So do you feel better now or do you want to keep trying to make a big deal out of nothing?


----------



## Johnny Hair Boy (Jul 11, 2004)

*Suzuki Aerio*

I can get 2 bikes, a repair stand, a full set of tools in a big red tool box, Camping gear for two and food and suplies for a 24 hour race in one of these no propblem. Its AWD to boot


----------



## nachomc (Apr 26, 2006)

Johnny Hair Boy said:


> I can get 2 bikes, a repair stand, a full set of tools in a big red tool box, Camping gear for two and food and suplies for a 24 hour race in one of these no propblem. Its AWD to boot


Better watch out, man. Jayem is the _premier_ interior-cargo expert and will make you draw a diagram to prove your story.


----------



## Johnny Hair Boy (Jul 11, 2004)

I have photos of it loaded. My girlfriend and I have the same car, they are great for hauling bikes as I do not like roof racks.


----------



## dadat40 (Jan 3, 2005)

We have a merc sable wagon that will hold 2 bike very nice as long at the riders are not to tall or you will need to remove seat post. on my roof I carry 5 and 5 riders inside . looks like a team car when it is loaded down.


----------



## Jayem (Jul 16, 2005)

nachomc said:


> There are a few reasons I put the bike on the roof of the car. It's _easier_ than putting multiple bikes in the back. It's also cleaner obviously. I don't worry about gas mileage because I can afford to pay for gas.


Yeah, so it's not so easy to cram two bikes in there, and it screws up the interior, which is what I said originally. Thanks.


----------



## nachomc (Apr 26, 2006)

Jayem said:


> Yeah, so it's not so easy to cram two bikes in there, and it screws up the interior, which is what I said originally. Thanks.


I said it's easier to put the bikes on the roof. I did not say it's hard to put bikes in the car.

Regardless of you having your head in your ass about this, you can do it, it's not hard, it won't destroy the inside of your car. If I could walk I'd go out to my garage, put two bikes in the back and see about fitting in a third just to prove you wrong.
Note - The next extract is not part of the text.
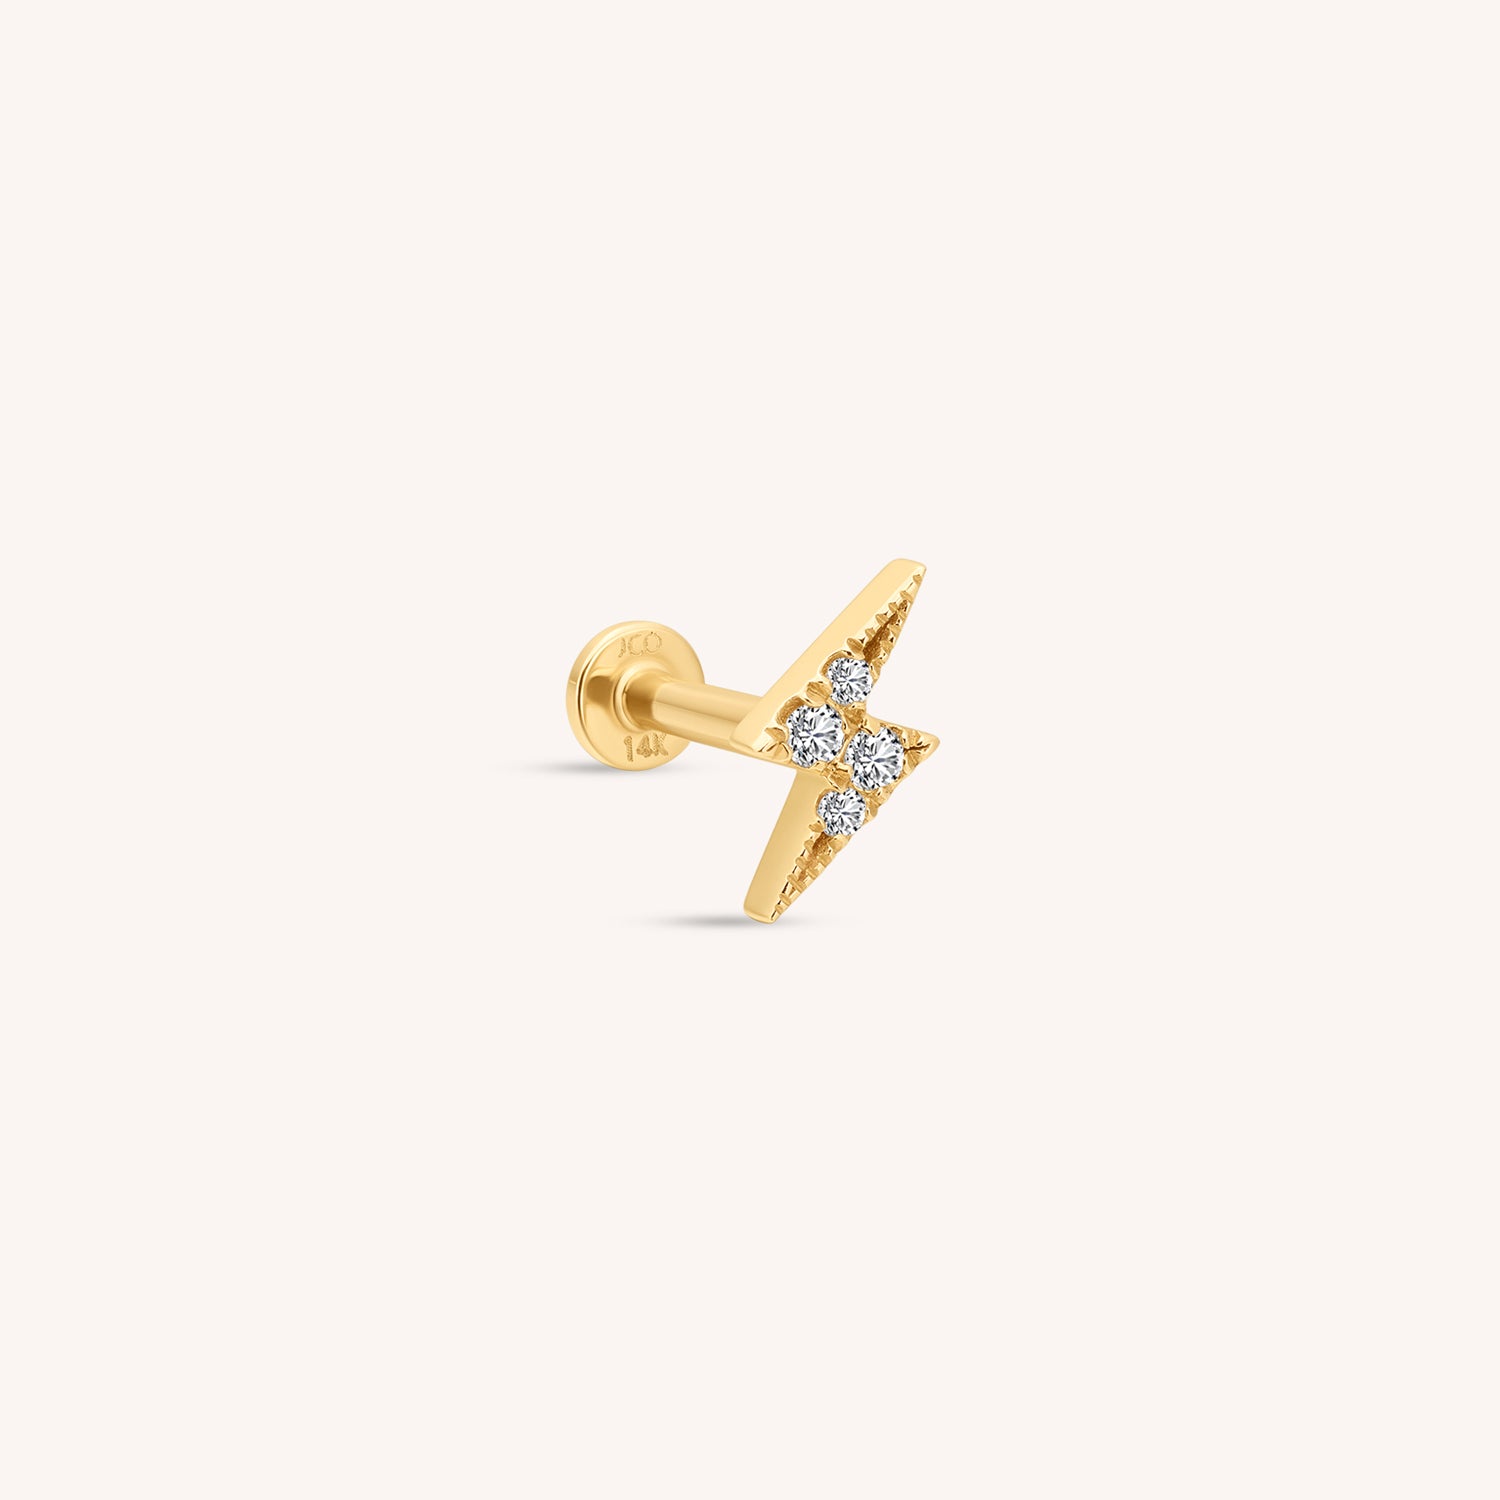 KIKICHIC | Minimalist Jewelry | NYC | Ball Screw Flat Back Tiny CZ Star Stud  Earrings Cartilage, Tragus, Helix, Conch in Sterling Silver in 14k Gold and  Silver.

Anyway, I don't know why I let you drag me in to this, especially considering the OP never included anything about ease or what could happen to the interior, only whether or not you could do it.


----------



## Jayem (Jul 16, 2005)

nachomc said:


> Anyway, I don't know why I let you drag me in to this


I don't know why you let me drag you into this either. Pretty strange.


----------



## daleksic (Aug 26, 2007)

I got a 98 Ford Taurus Stationwagon, and when I had my old bikes i threw them both in there and closed the trunk. Since I got my new bike, and i don't want to scratch it, i ended up buying a trunk rack and it works much better and it's easier to; plus i can have a cooler with a 6 pack of b... soda in the backseat.


----------



## dewthedru (Nov 8, 2004)

Johnny Hair Boy said:


> I can get 2 bikes, a repair stand, a full set of tools in a big red tool box, Camping gear for two and food and suplies for a 24 hour race in one of these no propblem. Its AWD to boot


what kind of car is that?


----------



## Johnny Hair Boy (Jul 11, 2004)

dewthedru said:


> what kind of car is that?


Its a Suzuki Aerio hatch back they discontinued it in 2007 to bring the little SUV thing they are now pushing, it is much smaller and has a smaller engine  .


----------



## cid499 (Nov 13, 2006)

I've fit 4 bikes (road) with room for at least 2 more in the back of my Volvo 960 station wagon. This is with the seats folded down, seatposts out, and front wheels out. Then just line them up like books.


----------



## ryguy79 (Apr 12, 2007)

lo and behold i was able to fit my bike in my forester totally complete. didn't move the seat, didn't remove any wheels. its sweet. so convenient.


----------



## daleksic (Aug 26, 2007)

Wednesday I went out with my wife, sister-in-law and her boyfriend and I stuffed 4 bikes with room to spare into a Dodge Caravan. Had to take the front tires of the bikes but they all fit...


----------



## paranoid56 (Jul 26, 2007)

the other weekend i put two DH bikes and a HT in the back of my subaru wrx wagon. had to take the front wheels off the bikes, but everything else worked fine. was very tight fit with the bikes and full gear and luggage, but it all made it. 

Shane


----------